Theoretical Perspectives on ICL
- Hypothesis 1 — Task Selection:
- The model stores many task-specific behaviors from pretraining.
- The prompt acts as a key to retrieve the relevant behavior.
- Related to retrieval-augmented generation ideas.
- Hypothesis 2 — Meta-learning:
- The model has learned general learning algorithms during pretraining (Xie et al., 2022).
- At inference, it uses in-context examples to adapt to the task (learning from the prompt).
- Analogous to gradient-free meta-learners like MAML but operating in hidden state space.
- Hypothesis 3 — Structured Task Composition:
- The model decomposes complex prompts into familiar subtasks and composes solutions.
- Supported by findings in compositional generalization research.
Advanced Prompting for Complex Tasks
Step-by-step Solutions
- Explicitly request intermediate reasoning steps.
- Improves performance by breaking down large inferential leaps into smaller, verifiable steps.
- Early evidence in Wei et al., 2022 (Chain-of-Thought).
Chain-of-Thought (CoT) Prompting
- Definition: Include examples in the prompt that demonstrate explicit reasoning before the final answer.
- Effect: Encourages the model to generate intermediate reasoning steps.

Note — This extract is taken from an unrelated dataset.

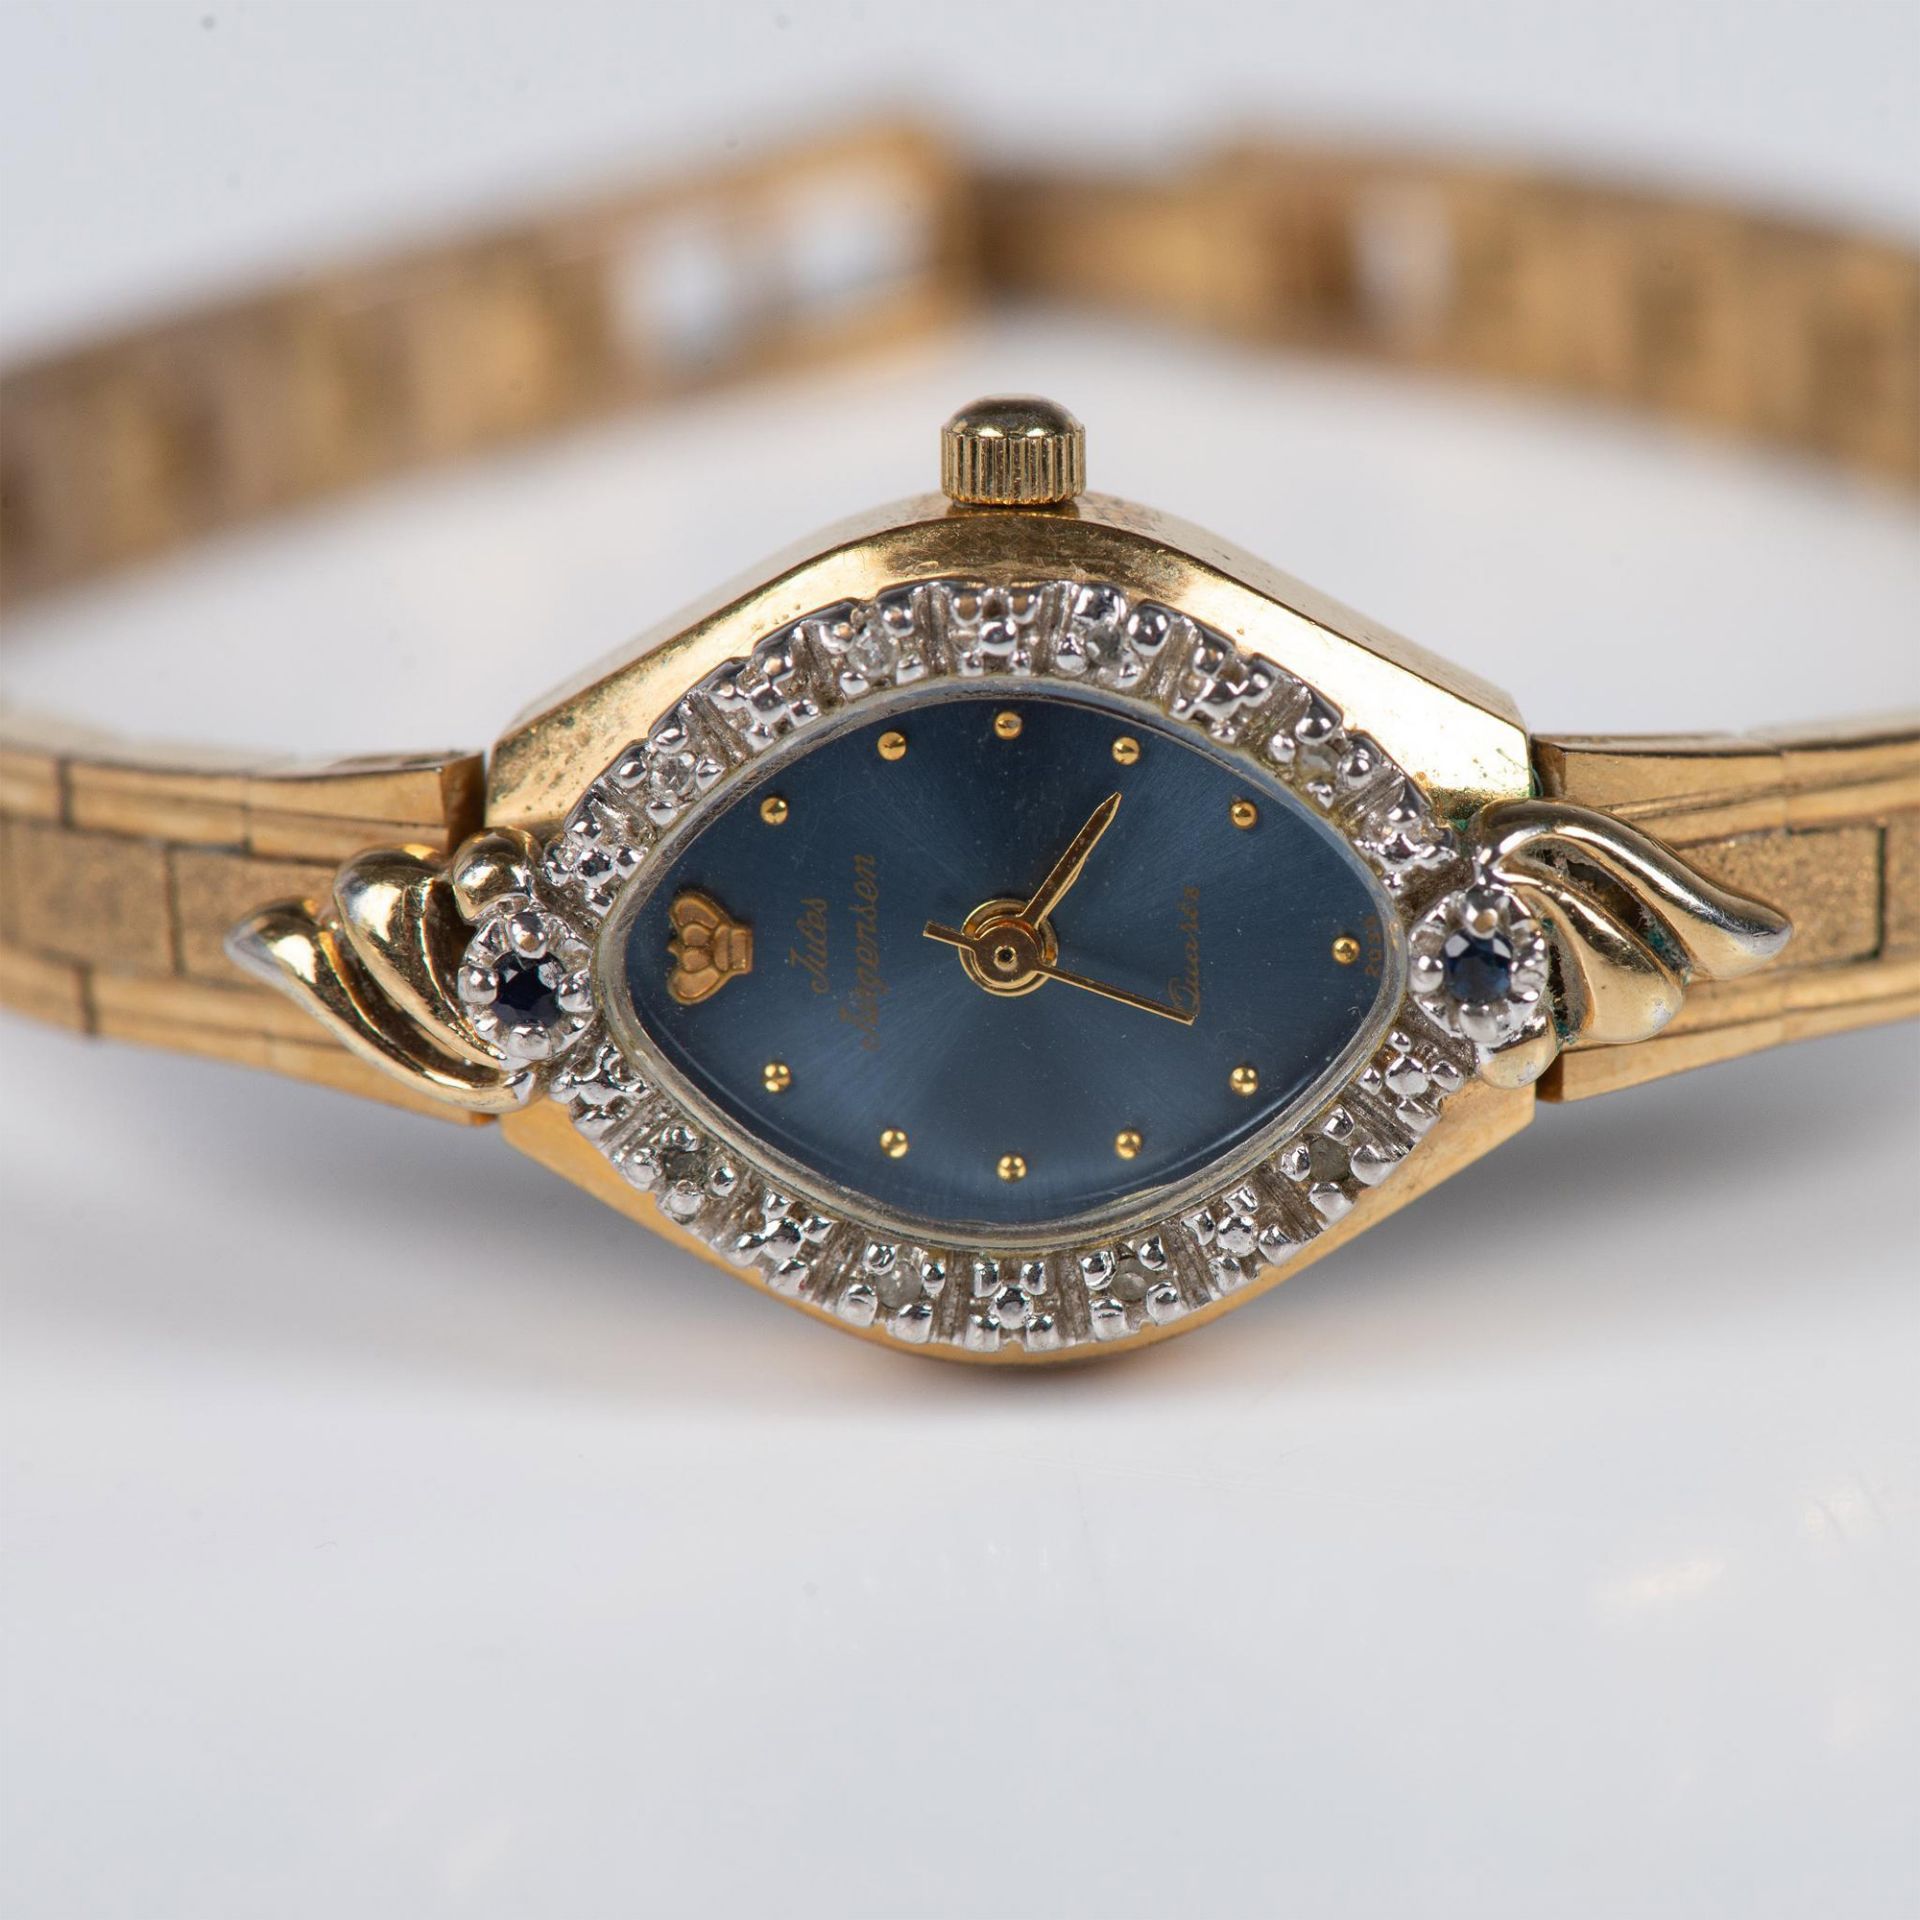 Jules Jurgensen 14K Gold Plated Diamond and Sapphire Watch - Image 2 of 4
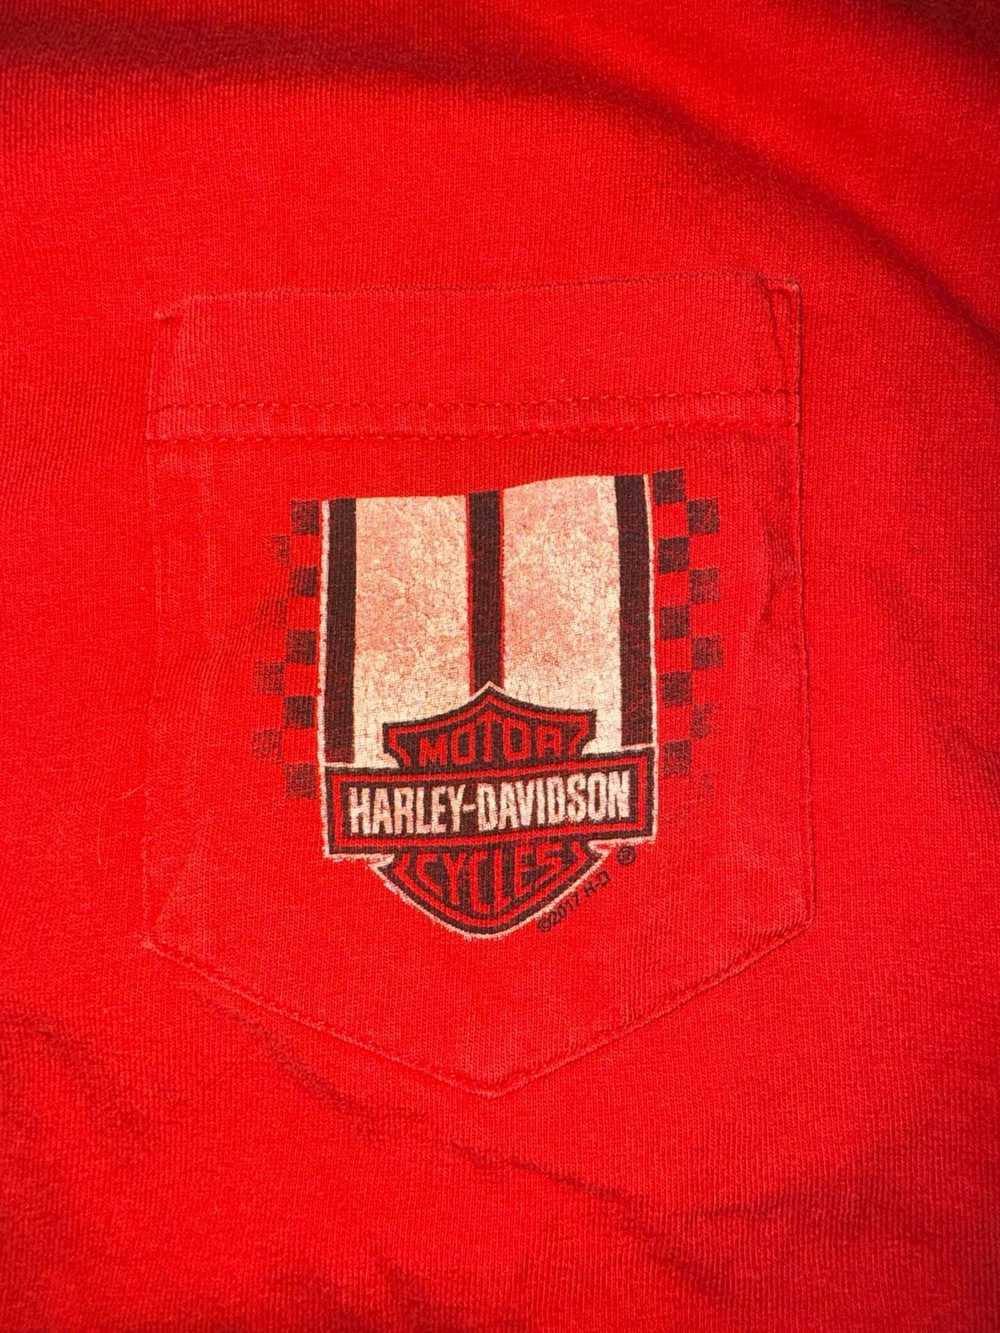 Harley Davidson × Vintage Harley - Davidson Tshirt - image 3

- Chronology: Popularized by Wei et al., 2022; shown to significantly improve reasoning in large models (≥62B parameters).
- Note: Different from CoT training (e.g., in O1/DeepSeek) where reasoning is reinforced via RL.
Least-to-Most Prompting
- Idea: Decompose a complex problem into a sequence of simpler subproblems.
- Process:
- Solve the simplest subproblem.
- Use its solution as context for the next subproblem.
- Repeat until the final solution is reached.
- Origin: Zhou et al., 2022; shown to improve compositional reasoning.
Program-of-Thought Prompting
- Definition: Express reasoning as executable code (e.g., Python).
- Advantage: Deterministic execution ensures correctness for well-defined computations.
- Origin: Chen et al., 2022; related to “PAL” (Program-Aided Language models).
Self-Consistency for Reasoning
- Motivation: CoT outputs can vary; a single reasoning path may be incorrect.
- Method:
- Sample \(n\) reasoning paths from the model for the same question.
- Extract the final answer from each path.
- Select the most frequent answer (majority vote).
- Effect: Improves robustness by aggregating over multiple reasoning trajectories.
- Origin: Wang et al., 2022; demonstrated large gains on math word problems and commonsense reasoning benchmarks.